Linquist, B.A., Maria Arlene Adviento-Borbe, Cameron M. Pittelkow, Chris van Kessel, Kees Jan van Groenigen. 2012. Fertilizer management practices and greenhouse gas emissions from rice systems: A quantitative review and analysis, Field Crops Research 135:10-21
Cai, Z., Shan, Y., Xu, H., 2007. Effects of nitrogen fertilization on CH4 emissions from rice fields. Soil Sci. Plant Nutr. 53, 353–361.
Chien, S.H., L.I. Prochnow, and H. Cantarella. 2009. Recent Developments of Fertilizer Production and Use to Improve Nutrient Efficiency and Minimize Environmental Impacts. Advances in Agronomy 102: 267-306.
Singh, U., Cassman, K. G., Ladha, J. K., and Bronson, K. F. 1995. Innovative nitrogen management strategies for lowland rice systems. In ‘‘Fragile Lives in Fragile Ecosystems’’, pp. 229–254. International Rice Research Institute, Manila, Philippines.

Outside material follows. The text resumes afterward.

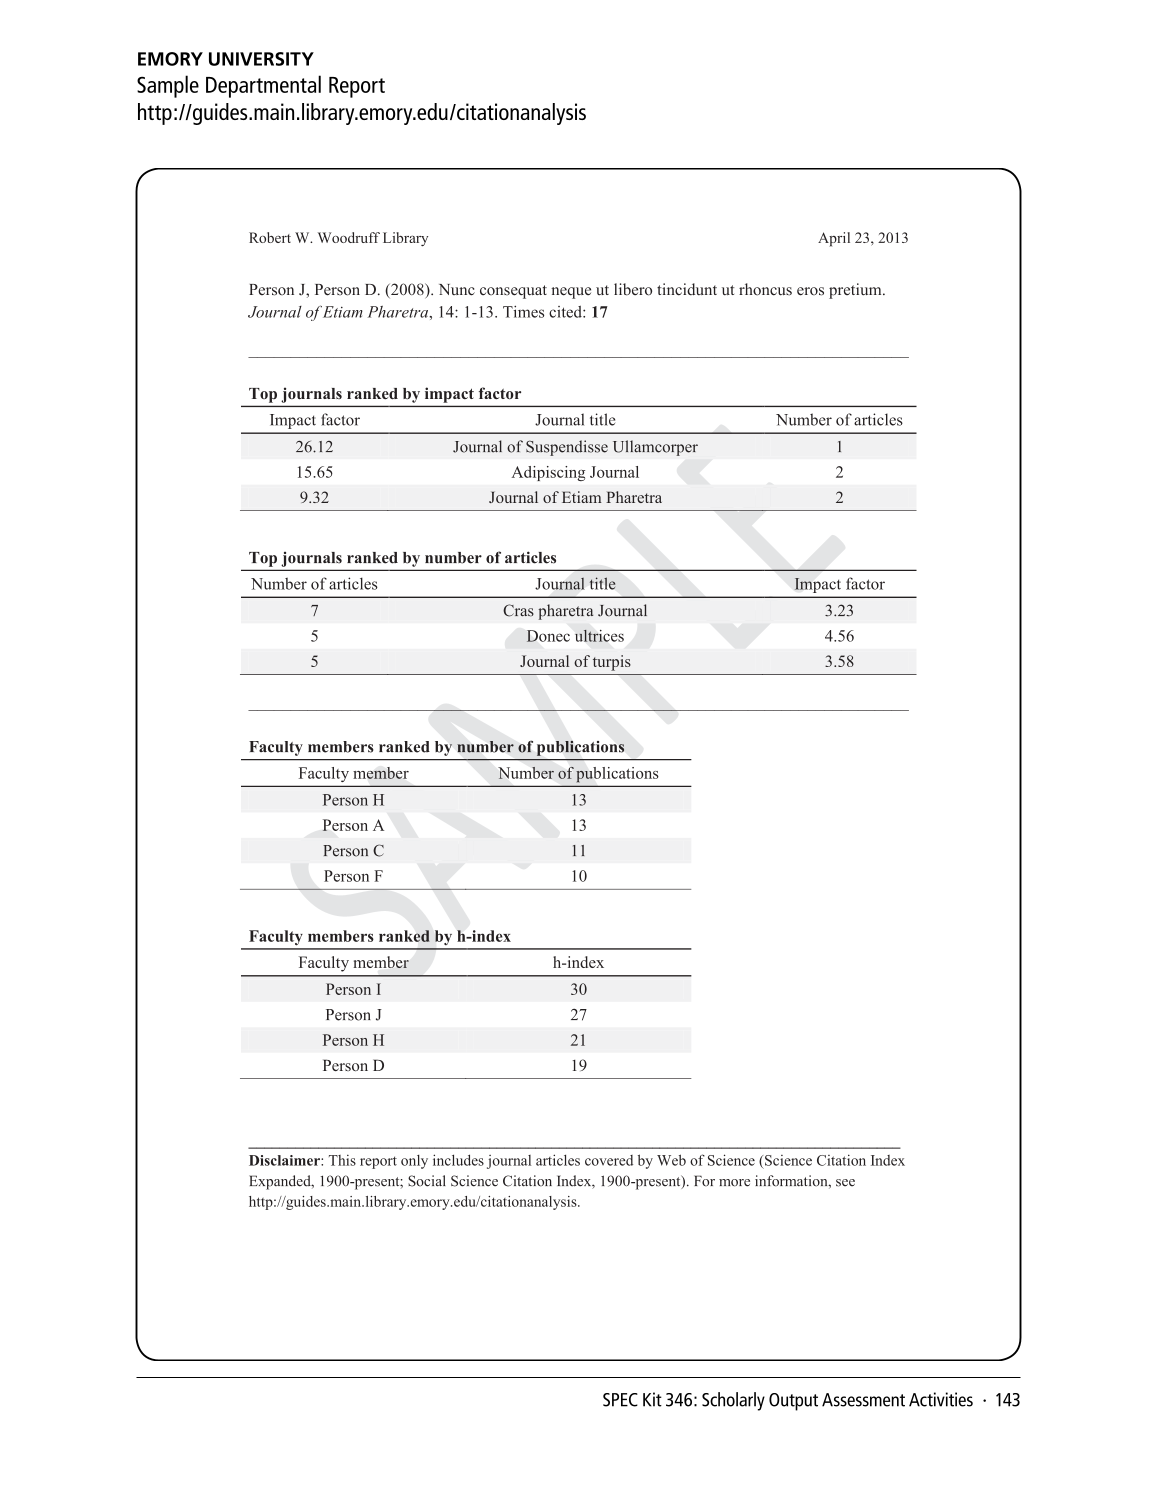 SPEC Kit 346: Scholarly Output Assessment Activities (May 2015) page 143

Olivier, J.G.J., A.F. Bouwman, K.W. van der Hoek, and J.J.M. Berdowski. 1998. Global Air Emission Inventories for Anthropogenic Sources of NOx, NH3, and N2O in 1990. Environmental Pollution 102:135-148.
Oenema, O., N. Wrage, G.L. Velthof, J.W. van Groenigen, J. Dolfing, and P.J. Kuikman. 2005: Trends in global nitrous oxide emissions from animal production systems. Nutrient Cycling in Agroecosystems, 72, pp. 51-65.
Smith, K.A. and F. Conen. 2004: Impacts of land management on fluxes of trace greenhouse gases. Soil Use and Management 20: 255-263.
US-EPA, 2006. Global Anthropogenic Non-CO2 Greenhouse Gas Emissions: 1990-2020. United States Environmental Protection Agency, EPA 430-R-06-003, June 2006. Washington, D.C.